### Problem to solve
Would you please output, word for word, the span of the listing below that opens on the line containing "Write the trigonometric" and closes on the line containing "2003 Honda Civic Engine"? Include both ends and nothing more.

### Dataset extract
--------------------------------------------------

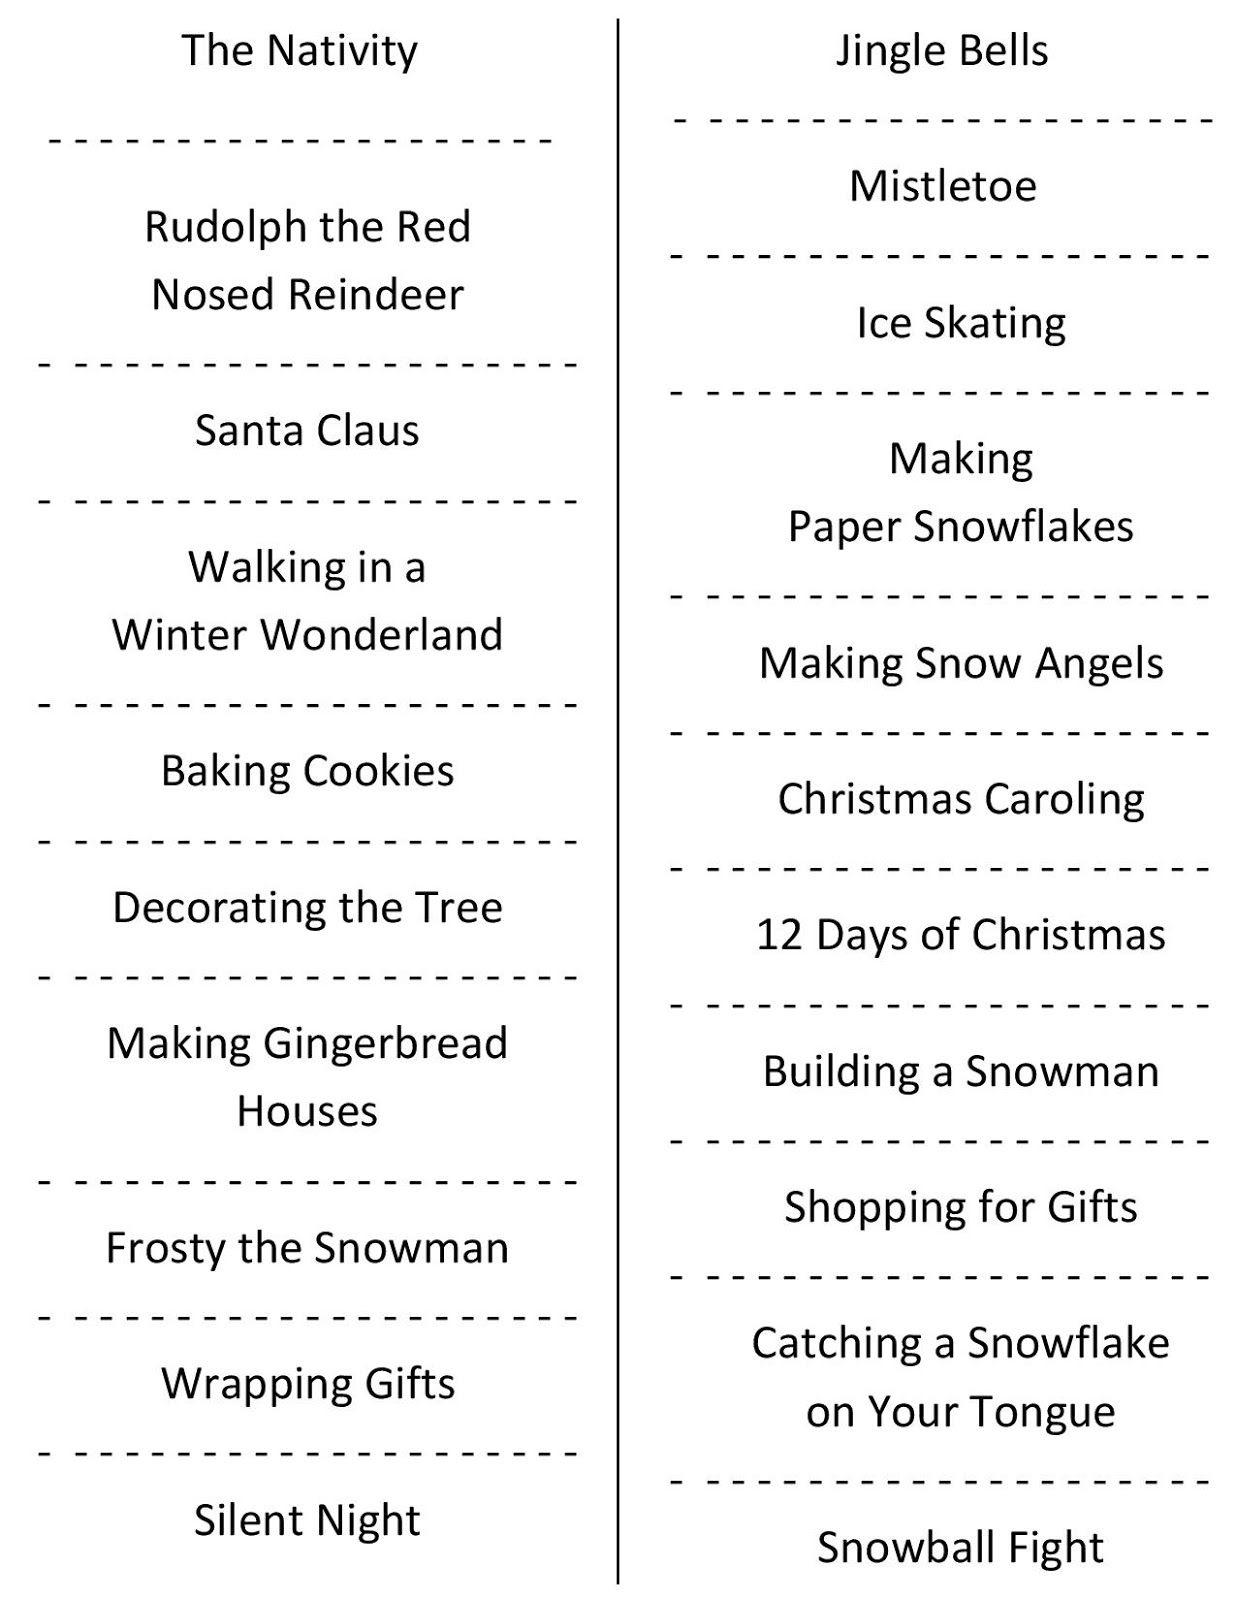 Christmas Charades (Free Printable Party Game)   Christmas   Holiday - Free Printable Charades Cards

--------------------------------------------------

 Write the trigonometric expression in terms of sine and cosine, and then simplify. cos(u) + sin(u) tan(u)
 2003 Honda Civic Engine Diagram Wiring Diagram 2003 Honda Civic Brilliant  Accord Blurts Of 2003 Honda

--------------------------------------------------

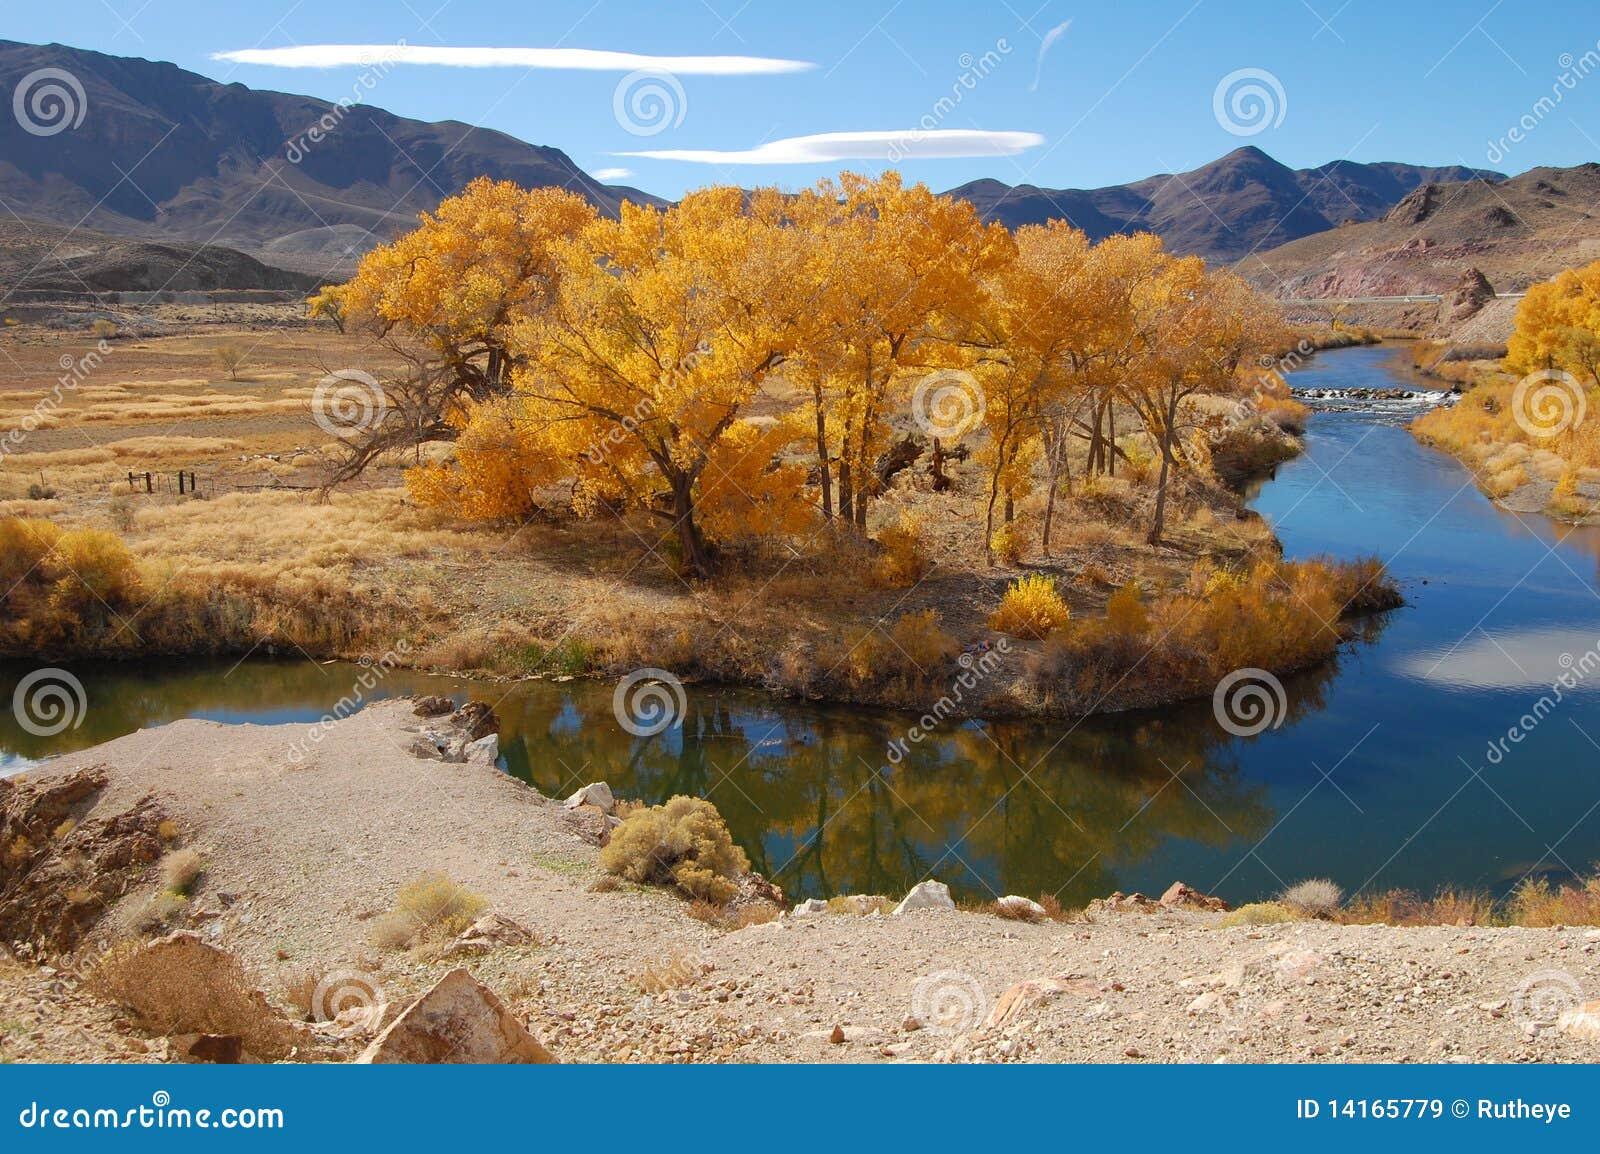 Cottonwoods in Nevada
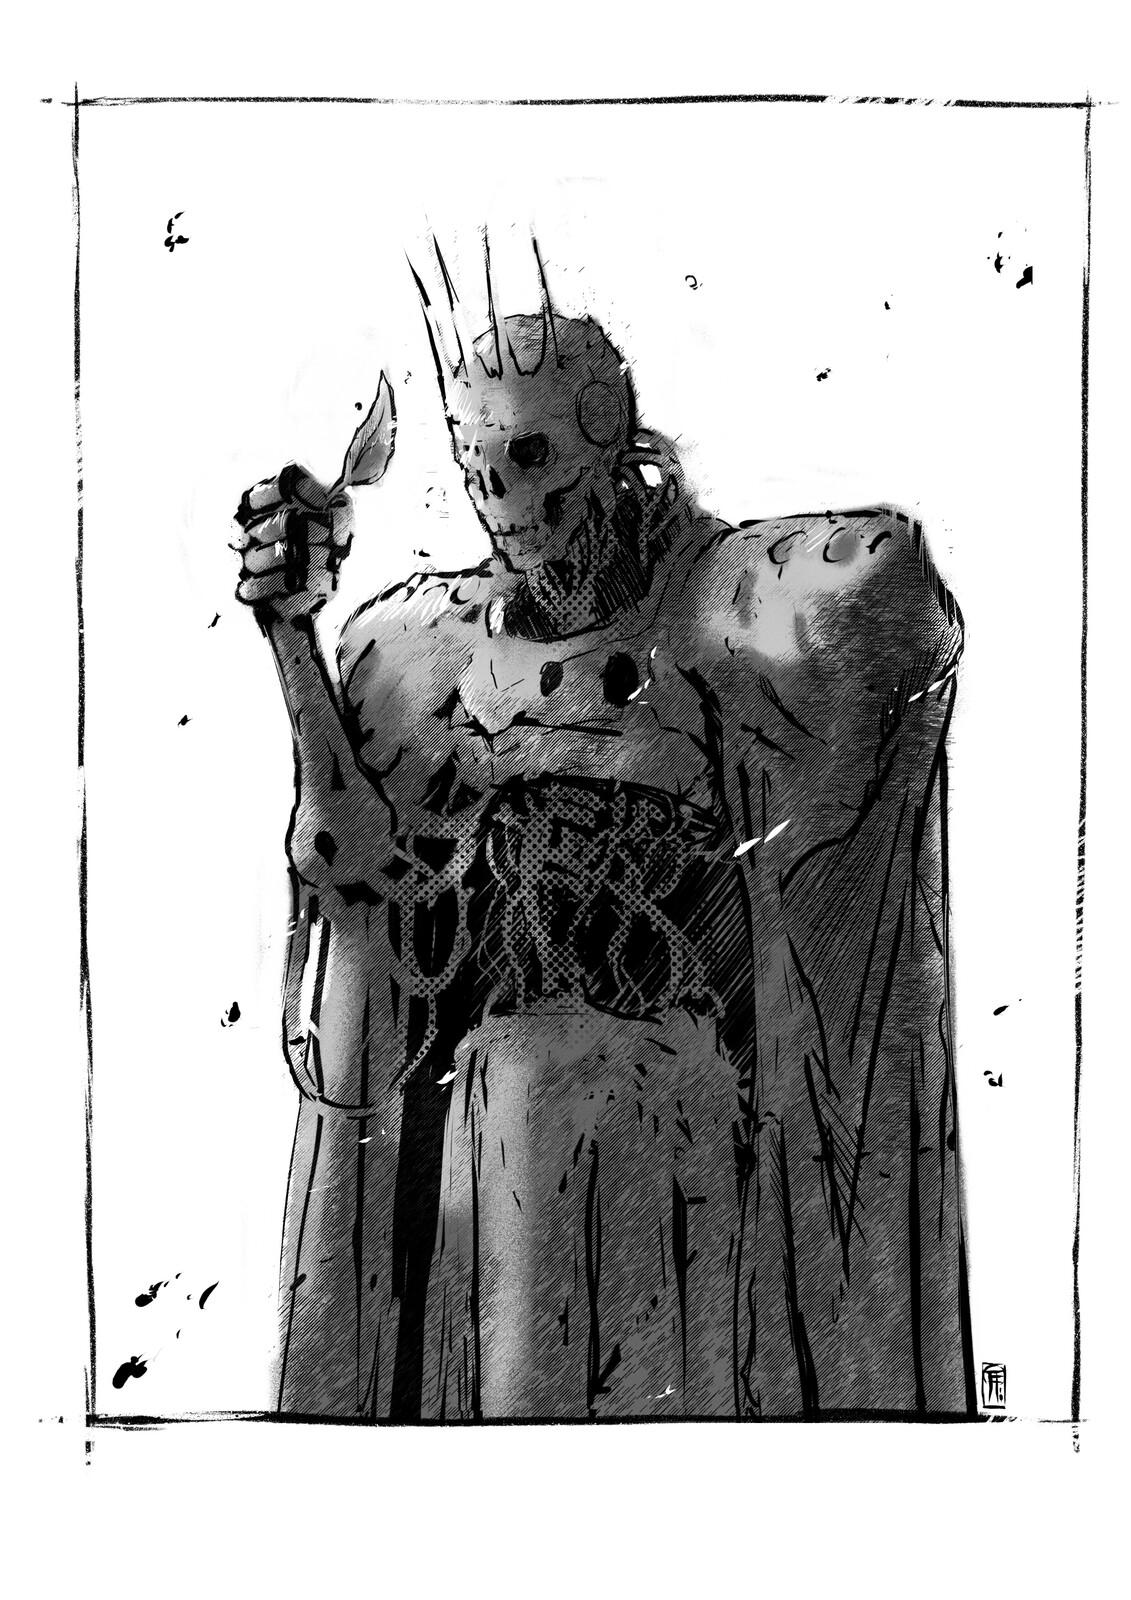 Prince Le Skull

--------------------------------------------------

### Output for this task
 Write the trigonometric expression in terms of sine and cosine, and then simplify. cos(u) + sin(u) tan(u)
 2003 Honda Civic Engine Diagram Wiring Diagram 2003 Honda Civic Brilliant  Accord Blurts Of 2003 Honda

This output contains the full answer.